I am well aware that I have moved on, the world has moved on, from my tragedies - but the deaths of my sons hold me to an emotional place I can't ever leave. I feel like the finality of their deaths is like a stake through my flesh, pinning my body down in a spot I can't ever leave. The body moves forward even when the heart is stuck in a cemetery.

I suppose it all comes back to what I say over and over and over again and only sometimes believe: my personal mantra - Clark fixes nothing. He brings nothing back. He is not the embodiment of his dead brothers. He is not here to save his mother from herself.
I love him fiercely but independently of my grief. I am grateful for him, what he brings to our family and to our lives, but I also know there are things I can't expect of him or of me as I walk even deeper into my grief while ultimately living away from my past.

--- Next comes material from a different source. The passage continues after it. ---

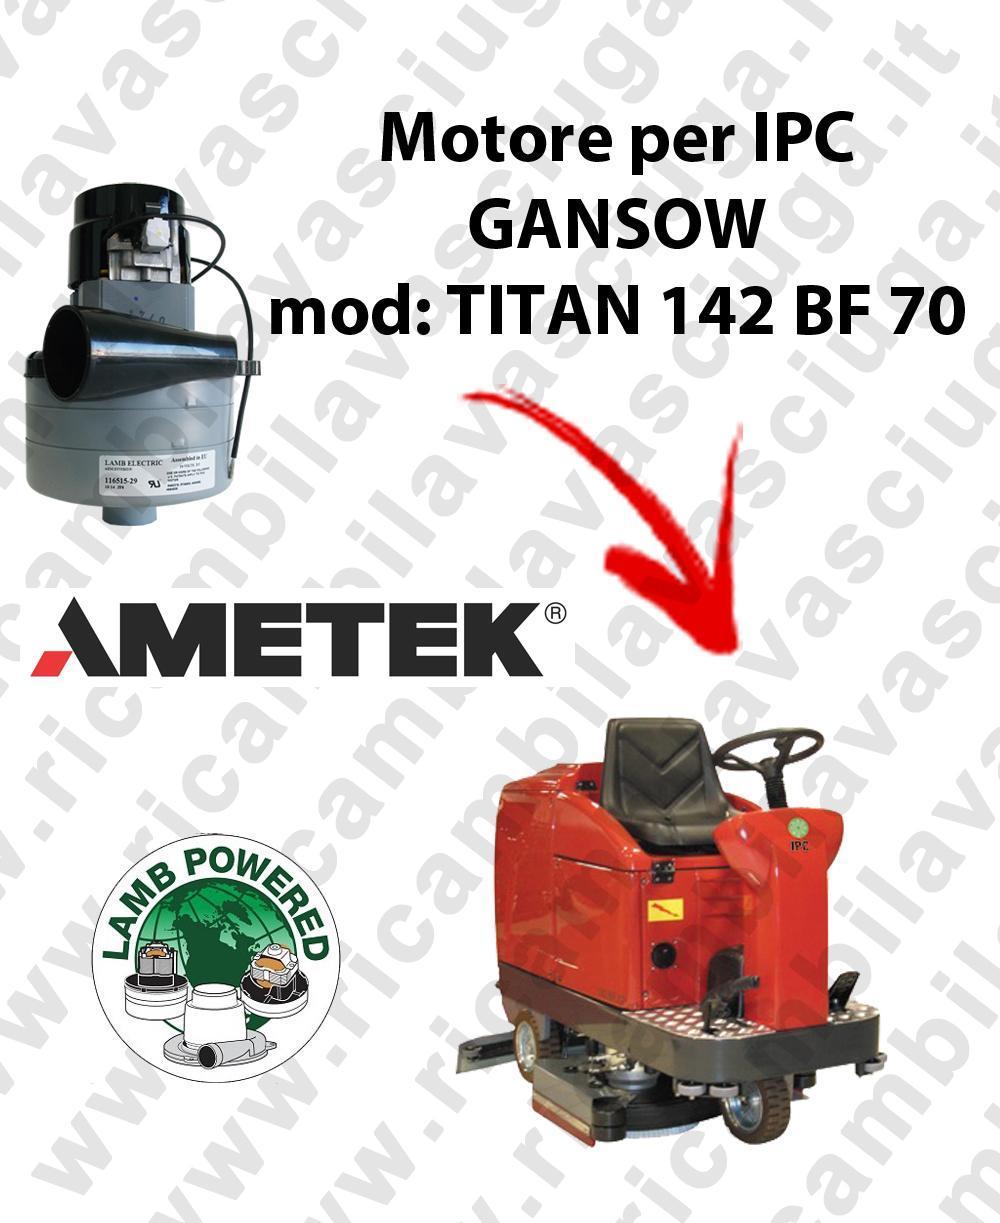 TITAN 142 BF 70 Motore de aspiración LAMB AMETEK para fregadora IPC GANSOW

I am not so healed as I once imagined I was. I am not so far into understanding myself - the old me that I hated and the new me that I hate even more. That is its own kind of loss.

Thursday, January 16, 2014

STUGS in the opposite direction

Today I had a breakdown over salad and soup at Bob Evan's restaurant.

There was nothing wrong with my soup. I was eating and watching Clark sleep in his car seat when tears overcame me. There are these moments when it just hits me; the overwhelming loss for John and Drew slammed up against the overwhelming blessing of Clark.

This isn't always a general feeling of love and loss. Actually, it usually starts when my mind travels back to micro memory - a tiny snippet of a larger crushing moment. Today's STUG was brought on as I was thinking of John's funeral. I had wrapped his tiny marble urn in a soft fleece blanket and I had to hand the bundle over to be placed in the vault. I actually hugged the bundle just before I handed it over and I was overwhelmed by how cuddly it was. I had been holding a hard urn for weeks...and that moment with the blanket was the closest I ever came to snuggling with a soft baby.

Watching Clark snuggled in a blanket, knowing that he is mine to hold, just did me in. This nbcn line between living children and dead children is going to be tough to toe.

out of nowhere

Goddamn STUGS. I'm fine one minute and a mess the next. Ugh.